That’s not a nice-to-have. It’s a necessity as the trades workforce ages, retirements accelerate, and fewer new workers enter the pipeline. I’m a founder with decades of experience in what’s increasingly being called “physical AI,” and I strongly believe that AI should be used to support, not replace, workers. As labor constraints tighten and the cost of downtime climbs, the fastest path to resilience isn’t automating people, it’s up-leveling them: giving frontline teams continuous visibility and decision support where work actually happens.

Across boardrooms and earnings calls, leaders are fixated on which white-collar roles will disappear first, even as they race to deploy tools that promise to write faster, analyze quicker, and compress desk work even further. Nearly every AI debate centers on productivity gains for desk-bound knowledge workers, yet this conversation overlooks where the real workforce pressure lies and where AI can deliver its most meaningful economic impact.

Here’s the reality: the AI boom is physical.

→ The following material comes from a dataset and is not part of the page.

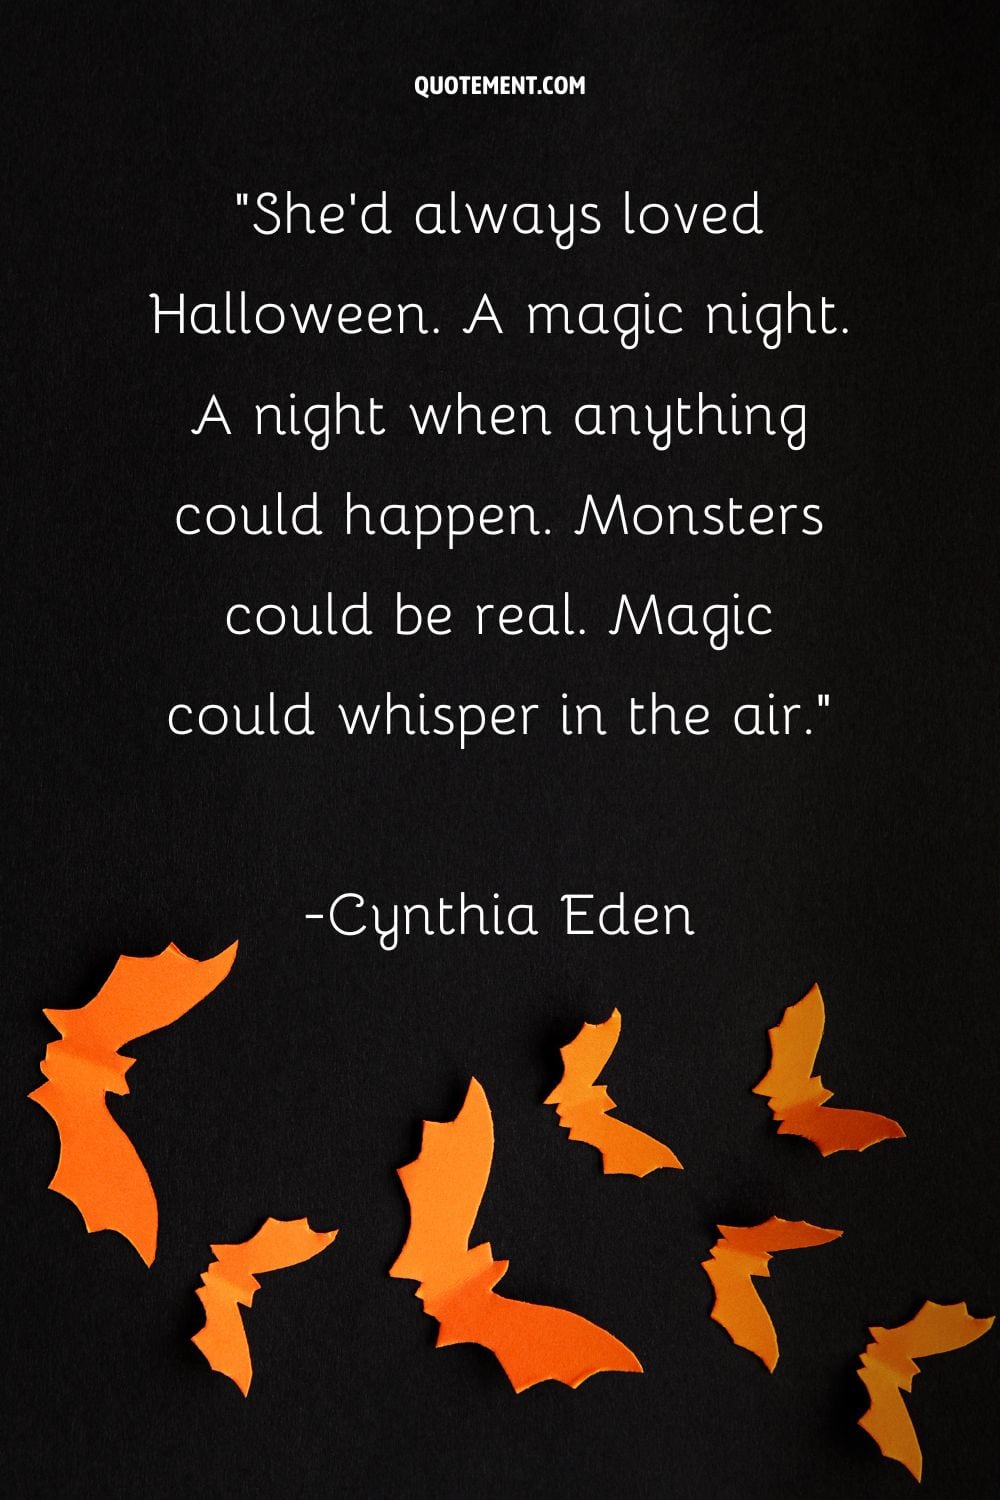 She'd always loved Halloween. A magic night

Civilization doesn’t run on build-outs alone. It runs on maintenance: keeping power on, water flowing, equipment safe, and facilities operating every day. Data centers, power grids, battery plants, EV infrastructure, water systems, and industrial facilities all depend on the constant work of electricians, utility crews, HVAC technicians, construction laborers, and field service workers.

The big problem is the deterioration of the physical systems that keep society running. The big opportunity is applying Physical AI to prevent and reverse it. More than 45% of U.S. infrastructure is rated in poor or mediocre condition and somehow, while much of the economy has been digitized, we largely maintain our infrastructure with methods from the Roman era. We dispatch field crews “blindly,” sending them into the field to conduct manual, reactive and infrequent inspections, resulting in either a waste of time with no problem being found, or a missing major issues that go undetected for years. This leads to costly failures that put even more pressure on an already strained workforce, often requiring repeat visits with different tools or parts. In many industries, more than half of truck rolls are unnecessary. This would all be preventable in a world of physical AI.

In other words, AI isn’t just a software story. It’s a labor story—and one that depends heavily on skilled trades. This is the workforce that can gain the greatest productivity benefits from AI.

The real labor crisis

America already faces a critical shortage of skilled tradespeople. A large share of the workforce is nearing retirement: roughly 40% of skilled trades workers are 45+ (and nearly half of that group is 55+). Meanwhile, the entry pipeline is thin, with less than 9% of the workforce in the 19–24 range. In plain terms, more people are aging out of these jobs than entering behind them—and decades of hard-won field knowledge are walking out the door with them.

This isn’t just inefficient. It’s dangerous, demoralizing, and unsustainable. These roles require navigating hazardous, physically taxing conditions–from extreme temperatures to confined spaces. Because the tasks are highly repetitive and frequently hampered by inefficient processes, the work can feel unfulfilling. It’s not surprising that burnout is common, and young people aren’t jumping to take on these roles.

Physical AI is the solution to these problems. Real-time understanding of the state of infrastructure eliminates the cost and frustration of unnecessary truck rolls and gives predictive insight to help field teams solve real problems before critical failures. Guidance and contextual awareness of worksites help new job entrants to come up to speed faster and more safely, bridging the labor gap. Most importantly, for all of us, we can create many new jobs while ensuring that the essential services we all rely on are delivered to the quality the world needs.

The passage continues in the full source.